■ **Data section**:
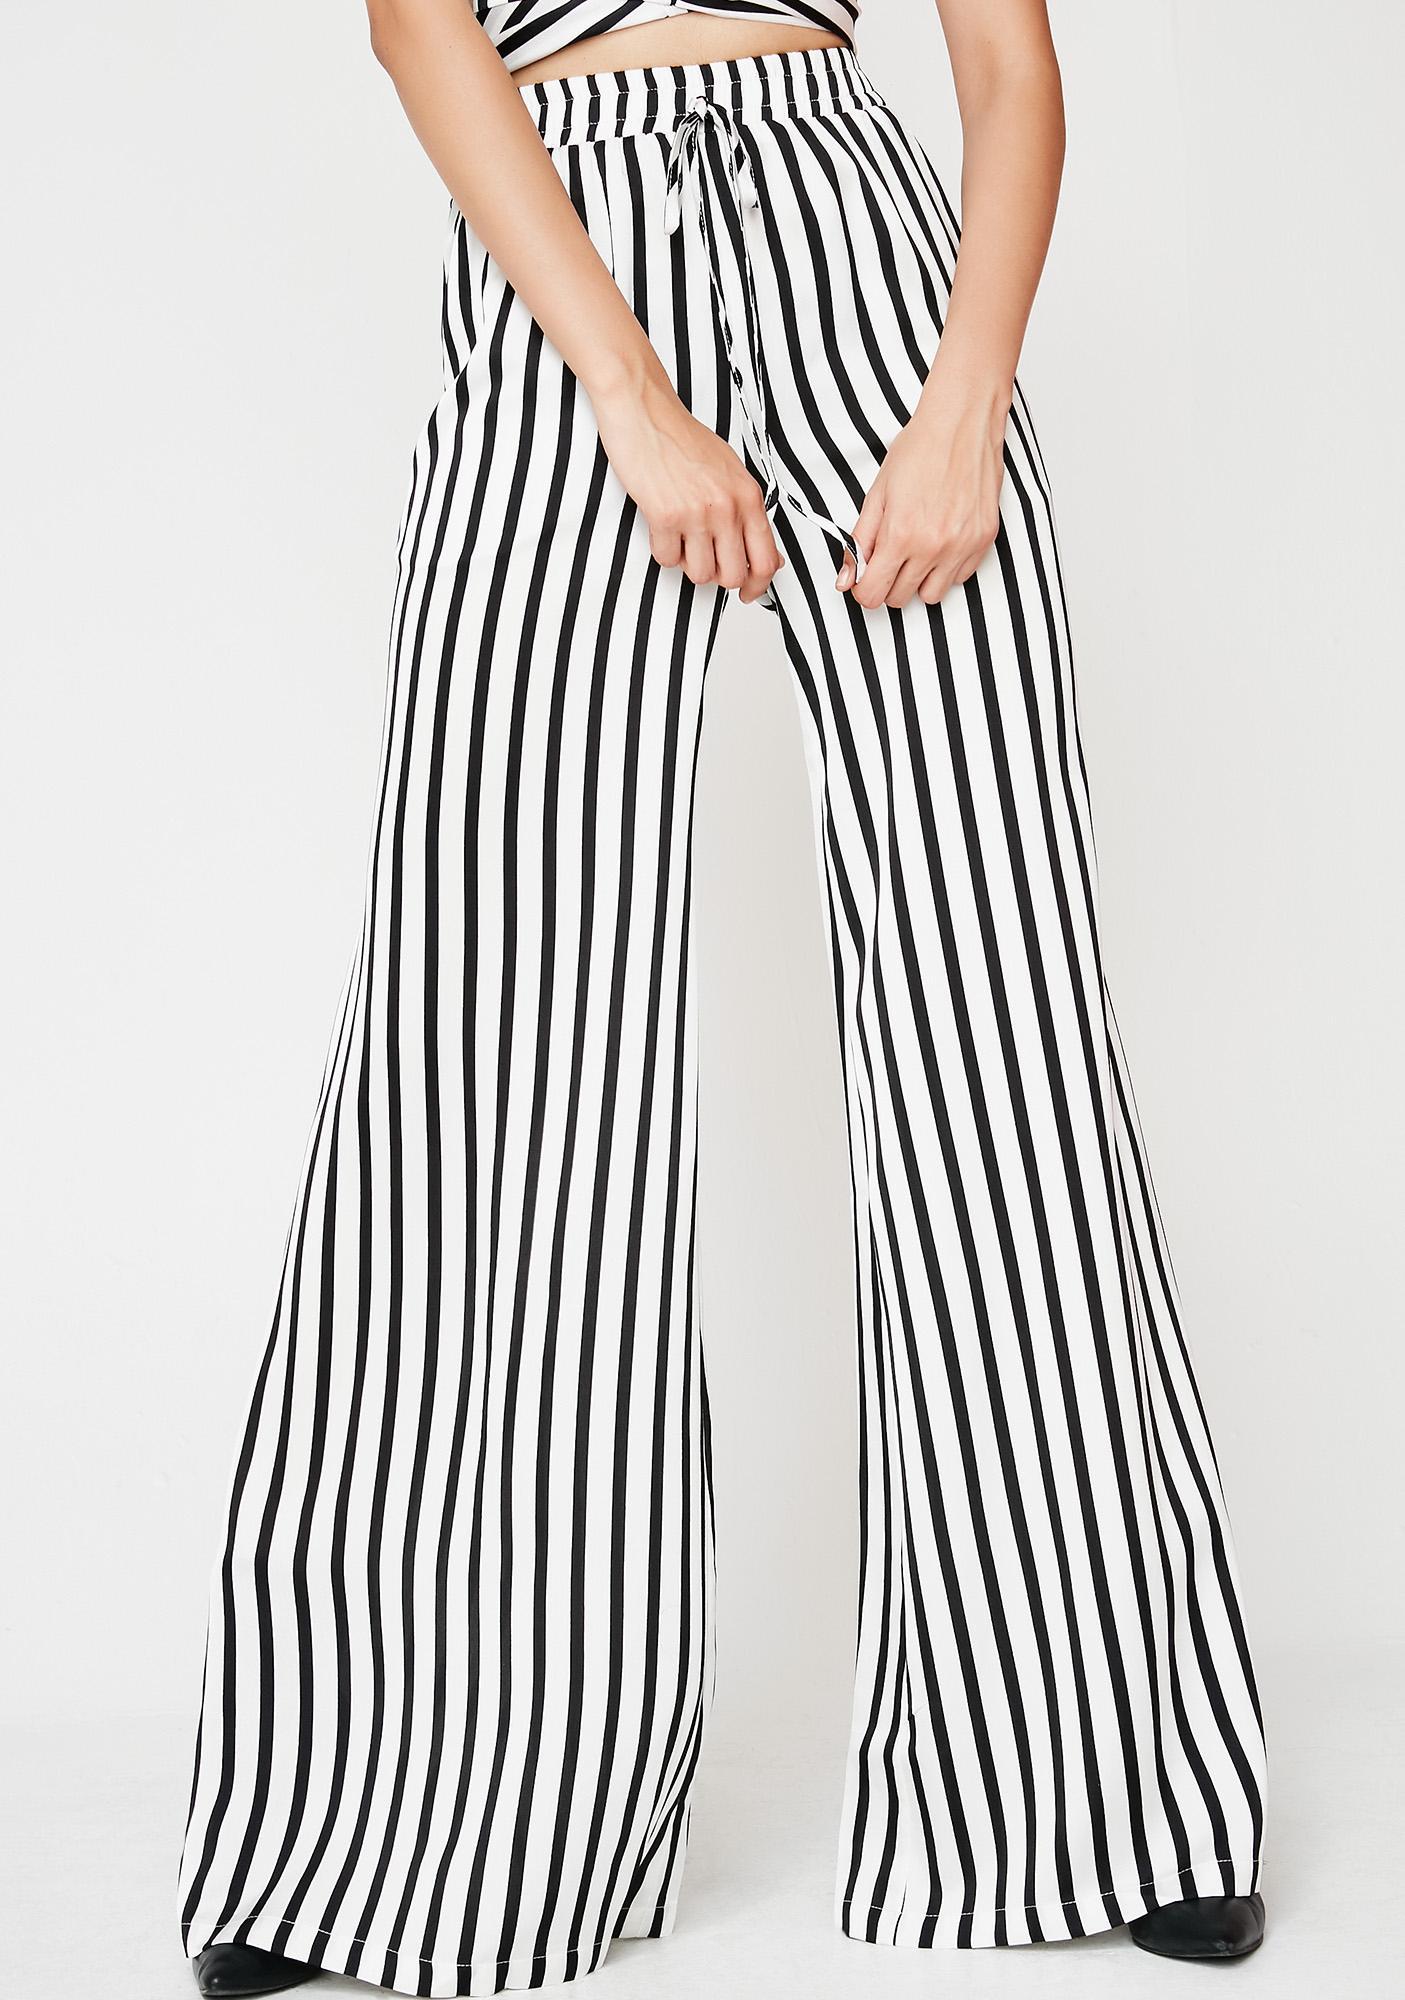 Won't Stop Stripe Pants
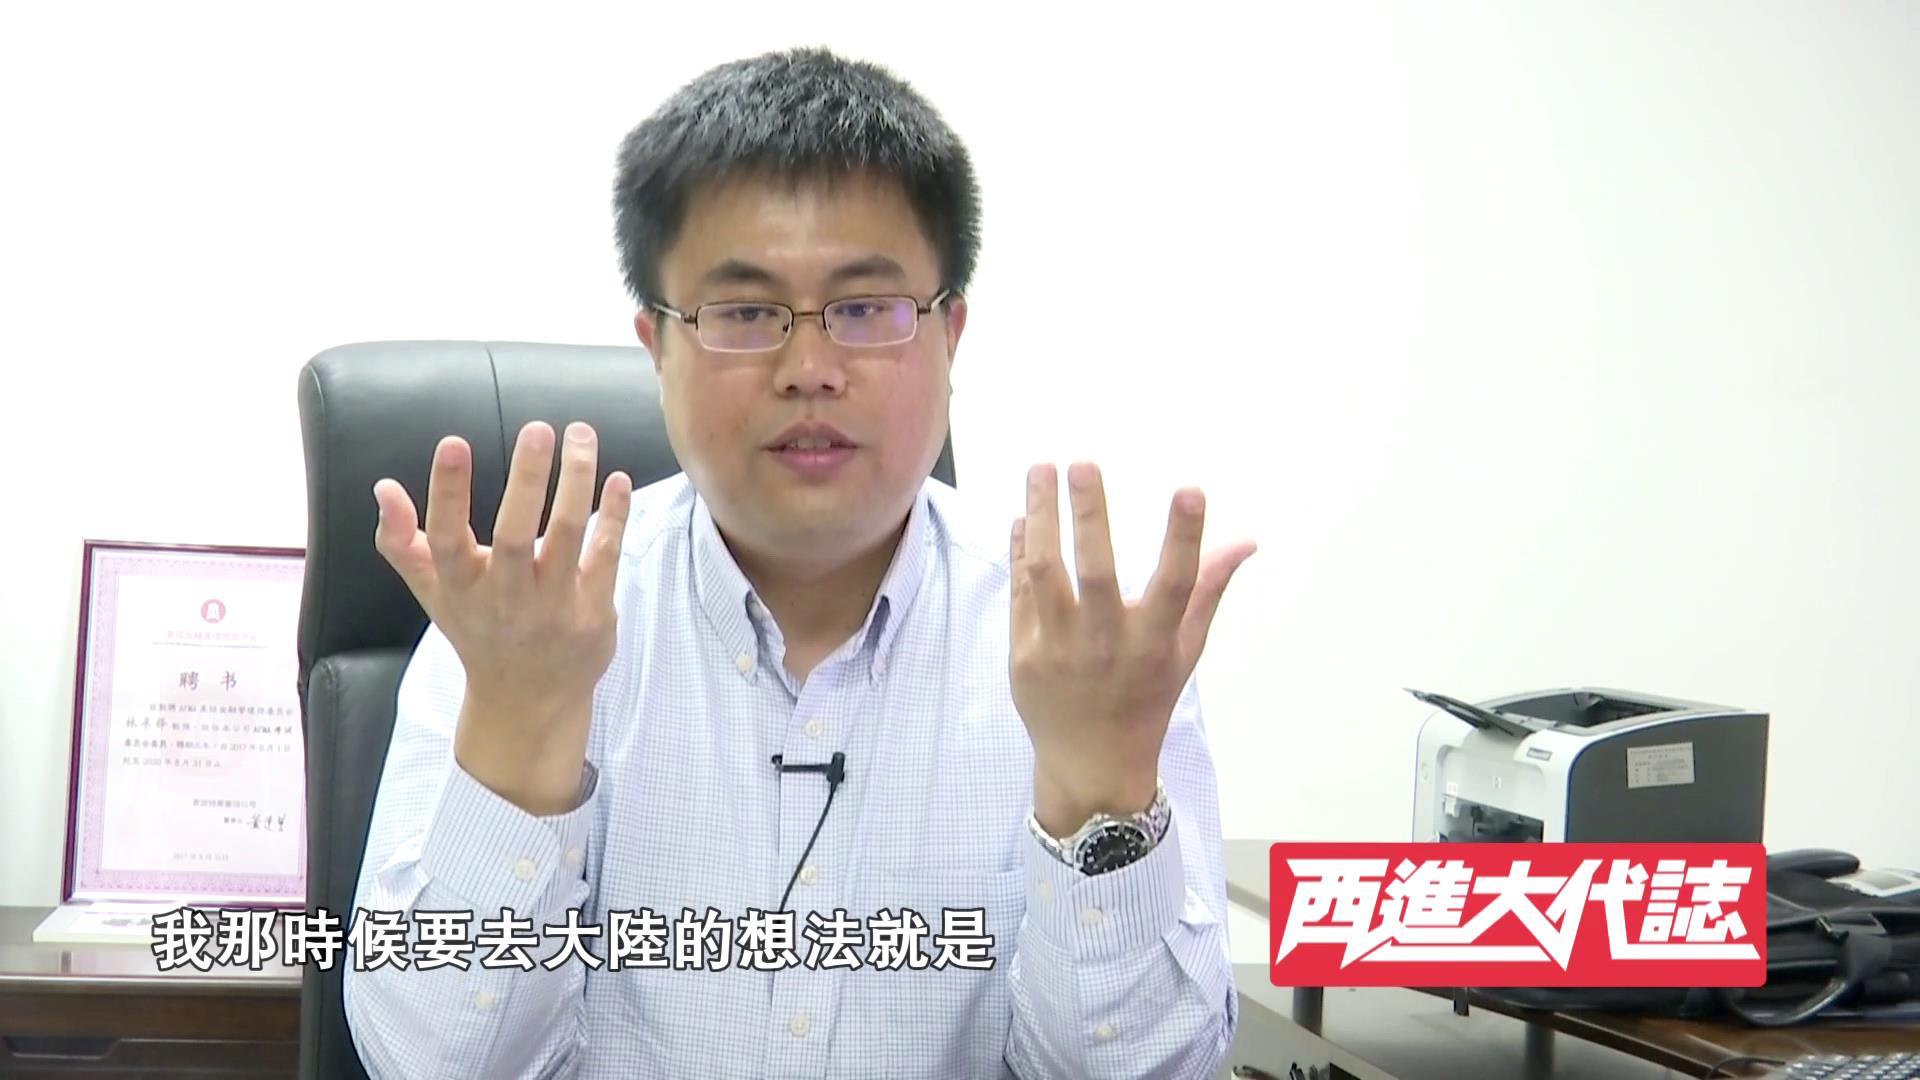 27.【西进大代志】台籍教师 林承铎图片
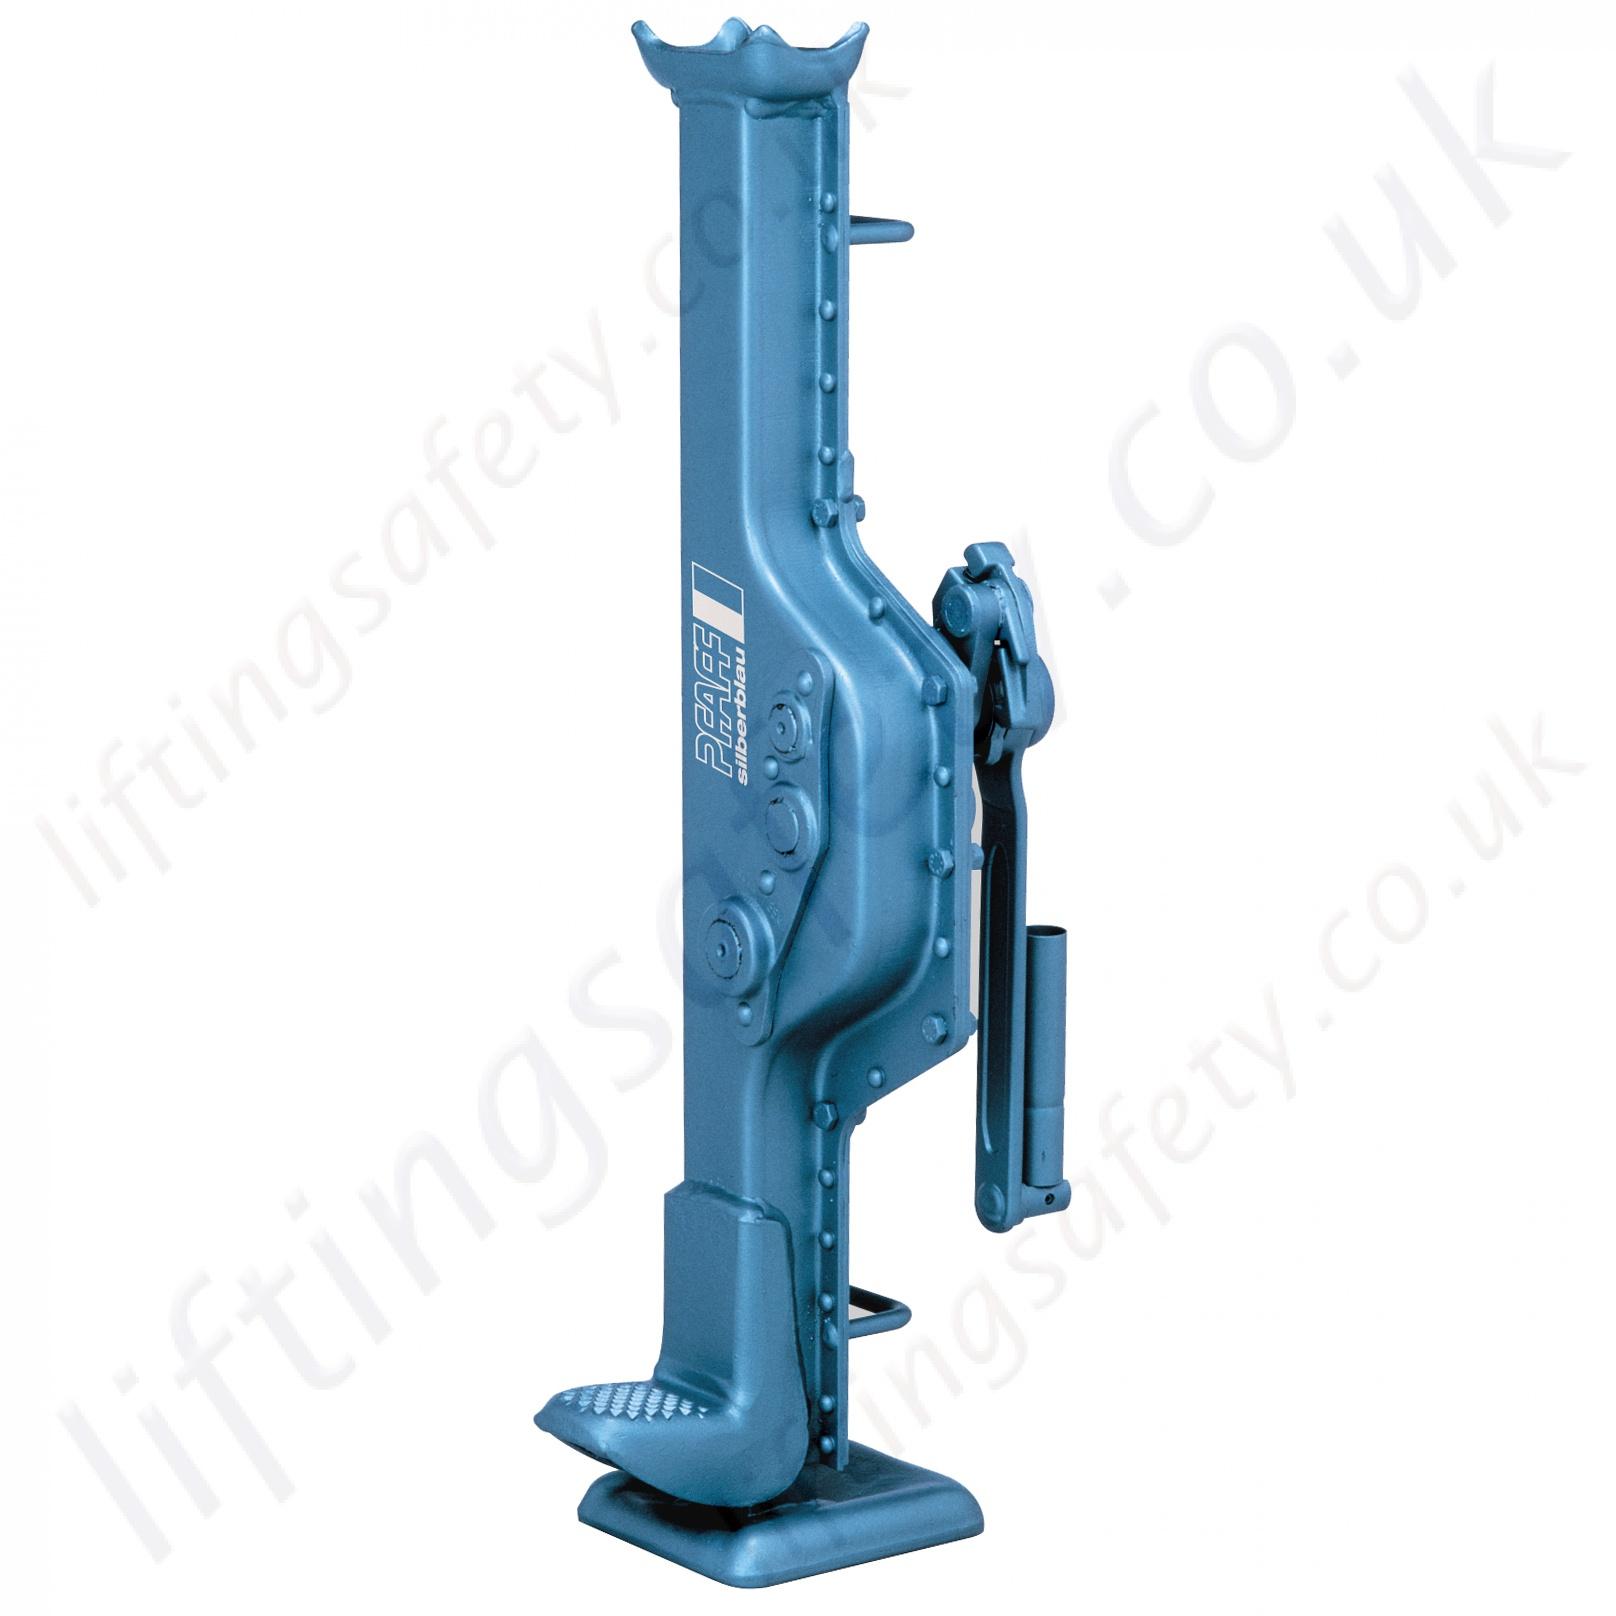 Steel Lifting : Pfaff stw f steel jacks fixed lifting claw range from

■ **Exercise requirements**: For the material above, repeat each line exactly and leave out the pictures.

■ **Task output**:
 Won't Stop Stripe Pants
 27.【西进大代志】台籍教师 林承铎图片
 Steel Lifting : Pfaff stw f steel jacks fixed lifting claw range from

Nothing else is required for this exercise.